A useful quote misattributed to Mark Twain

Everybody complains about the problems with using statistical process control on color difference data, but nobody does anything about it. I know, you think Mark Twain said that, but he never did. Contrary to popular belief, Mark Twain was not much of a color scientist.

The actual quote from Mark Twain

So now it's time for me to leave the road of "if you use these techniques, I won't invite you over to my place for New Year's eve karaoke", and move onto "this approach might work a bit better; what N'Sync song would you like to sing?"

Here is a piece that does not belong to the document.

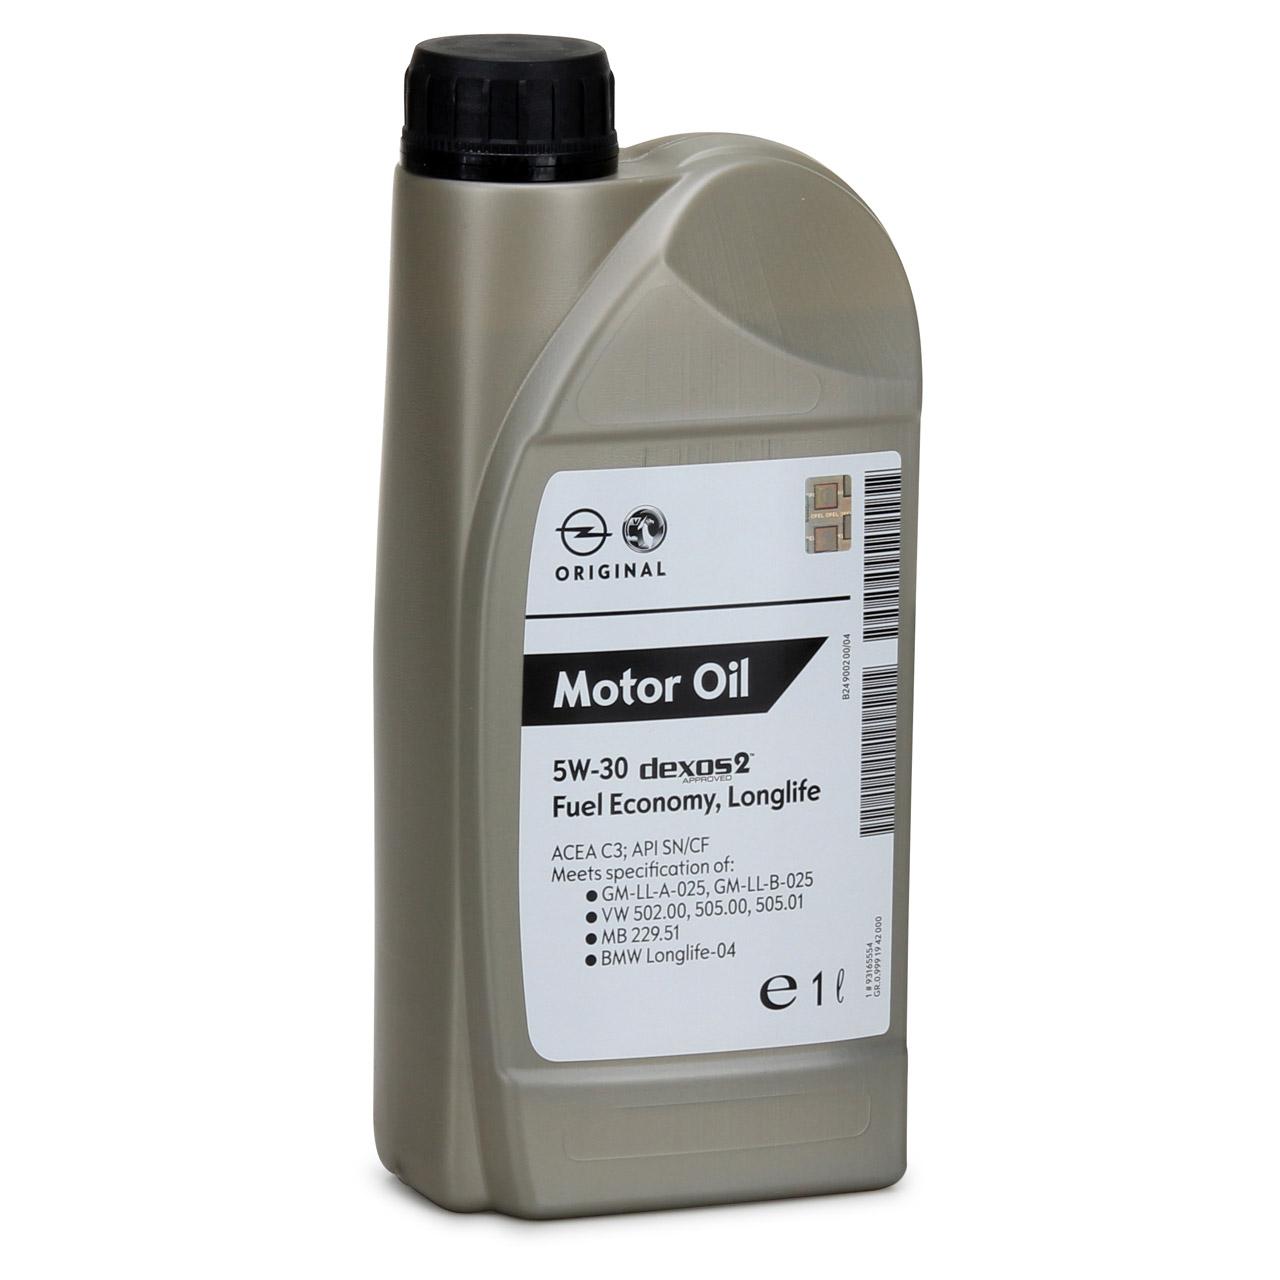 ORIGINAL Opel GM Motoröl Öl 5W30 Dexos2 LongLife 1 Liter 1942000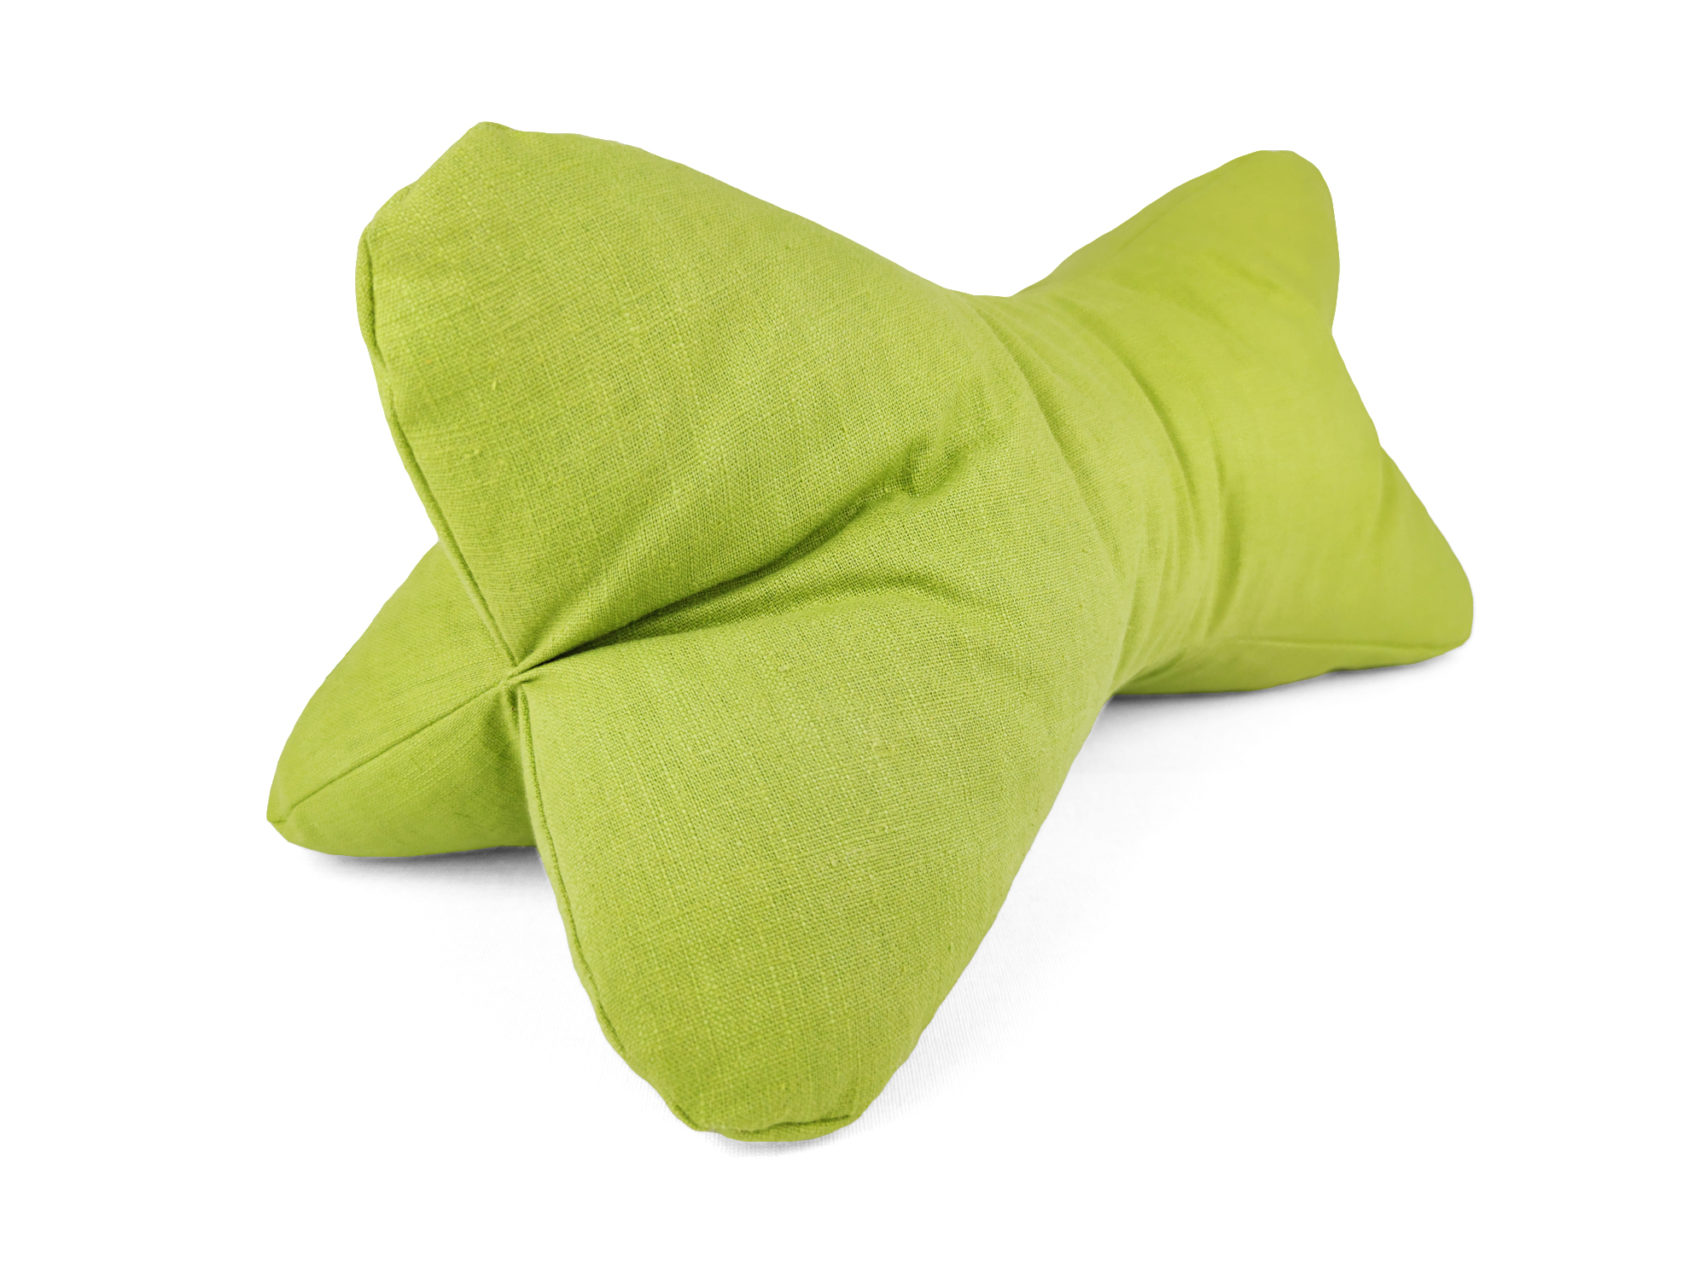 Leseknochen Ramie maigrün hellgrün

Part of the problem with ΔE is that it is an absolute value. It tells you how far, but not which direction. Another part of the problem is that color is inherently three dimensional, so you need some way to combine three numbers, either explicitly or implicitly.

Three easy pieces

Many practitioners have taken the tack of treating the three axes of color separately. They look at ΔL*, Δa*, and Δb* each in isolation. Since these individual differences can be either positive or negative, they at least have a fighting chance of being somewhat normally distributed. In my vast experience, when a color process is in control, the variations of  ΔL*, Δa*, and Δb* are not far from being normal. I briefly glanced at one data set, and somebody told me something or other about another data set, so this is pretty authoritative.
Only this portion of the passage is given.